Un post scritto da chi conosce bene i meccanismi della Corte Penale Internazionale, quindi incentrato sul diritto processual-penalistico, e qui rilanciato per far comprendere al meglio il contesto in cui nasce e si gestisce un caso di questo tipo.
Ovviamente si tratta di un elemento diverso, anche se magari contermine, rispetto alla tutela dell’interesse nazionale.
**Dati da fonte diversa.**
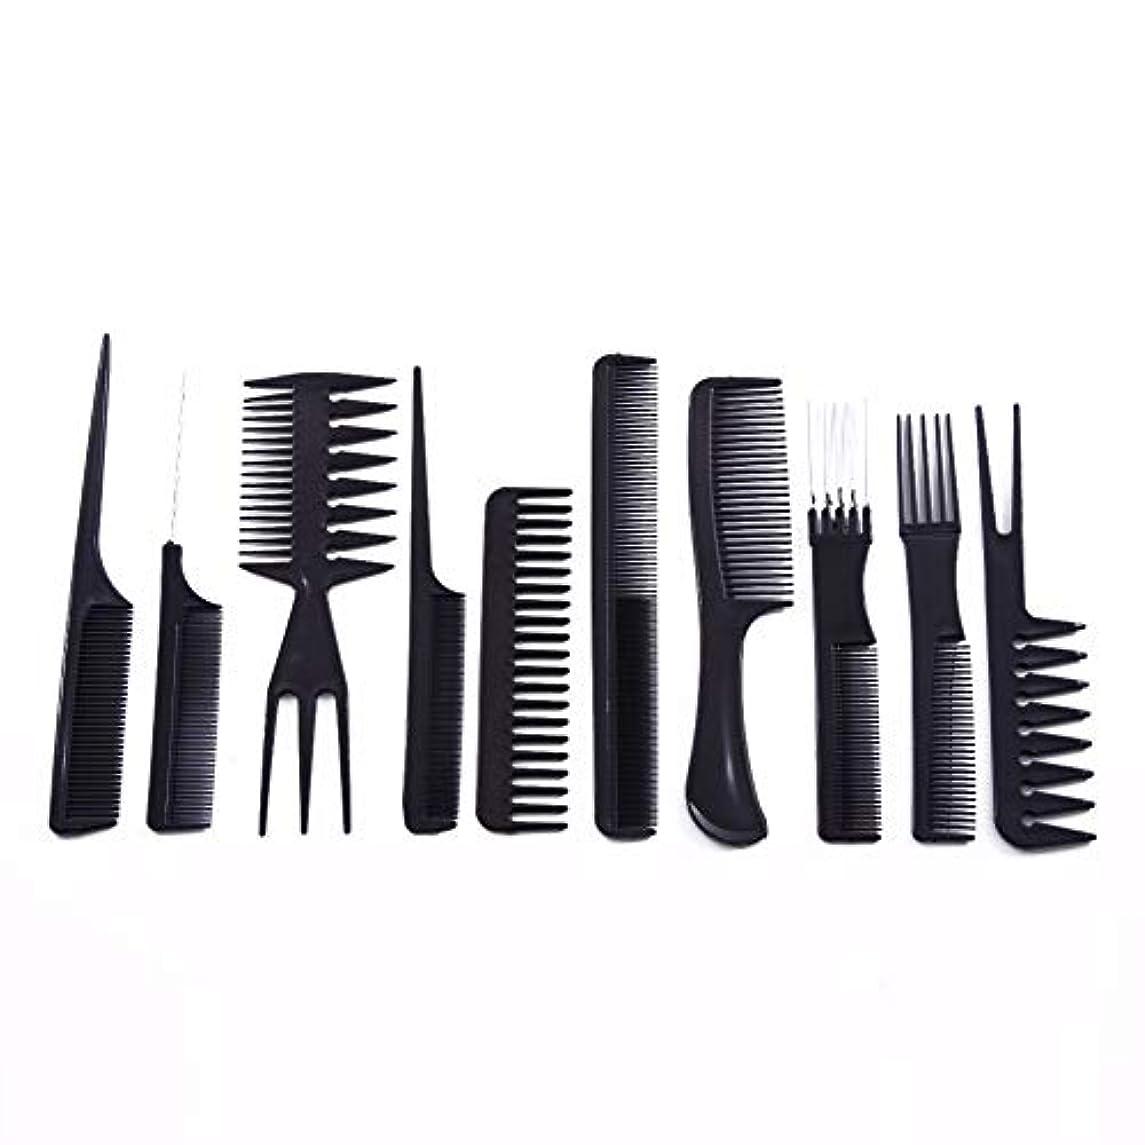 設置リングレットムスタチオ10ピース/セットプロのヘアブラシ櫛サロン理容帯電防止ヘアコームヘアケアスタイリングツール用すべての髪タイプ

Al Masri, uno scritto sui meccanismi CPI
Scrive il dott. Tarfusser:
Ha davvero dell’incredibile come, nel giro di poche ore, fretta e incompetenza ed ora anche opacità, abbiano causato un incalcolabile danno alla giustizia, al governo, alla giustizia internazionale e alla credibilità dell’Italia, quella stessa Italia, una volta culla del diritto (questa almeno è la retorica) e culla della giustizia internazionale avendo avuto un ruolo decisivo nella nascita, a Roma nel 1998, della Corte penale Internazionale che – forse è il caso di ricordarlo ai più distratti e disattenti, ma soprattutto ai moltissimi ignoranti – in virtù della ratifica (legge n. 232/1999 ) fa parte dell’architettura giudiziaria del nostro Paese. In questa breve disamina volta ad evidenziare in quale fase del procedimento sono stati commessi errori e chi li ha commessi causando questa perdita di credibilità, procederò cronologicamente.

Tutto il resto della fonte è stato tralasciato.